The guy made the decision to load the gun, walk into a church, and shot ten
people, murdering nine. All were killed by multiple gunshots fired at close
range. During the shooting, he taunted the victims, “Y’all want something to
pray about? I’ll give you something to pray about.” He sure as hell seemed to
understand the consequences of his actions then! One of his victims was an
87-year-old church choir member. A five-year-old girl survived the shooting by
pretending to be dead.
If doing
something like that doesn’t earn a seat on the electric
chair, what does? I don’t care if Roof did it because he hates blacks, he
hates churches, he hates God, or if he thinks his dog told him to do it. The
consequence is the same. I keep hearing we have to look inside Roof’s head and
try to understand. Why?
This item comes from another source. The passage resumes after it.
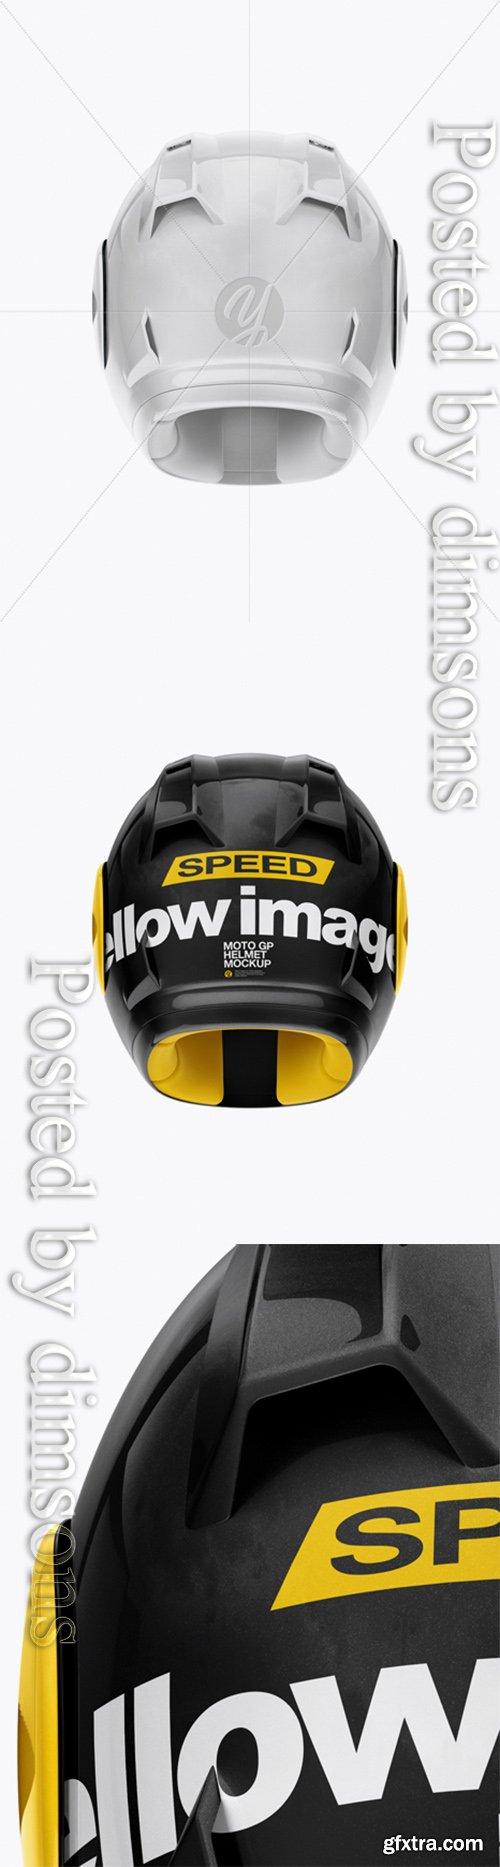 Moto GP Helmet Mockup - Back View 24952

It doesn’t change what he did. It’s not who you are
underneath, it’s what you do that defines you.
Blanket
opposition to the death penalty sets up a society where we innocent law-abiding
citizens are consigned to a life where a murderer’s rage and evil could cross
our path and cut our life short at any time, while one small sub-set of people
in this country will live in 24-7 security and who can sleep soundly knowing
they will never be murdered: convicted criminals.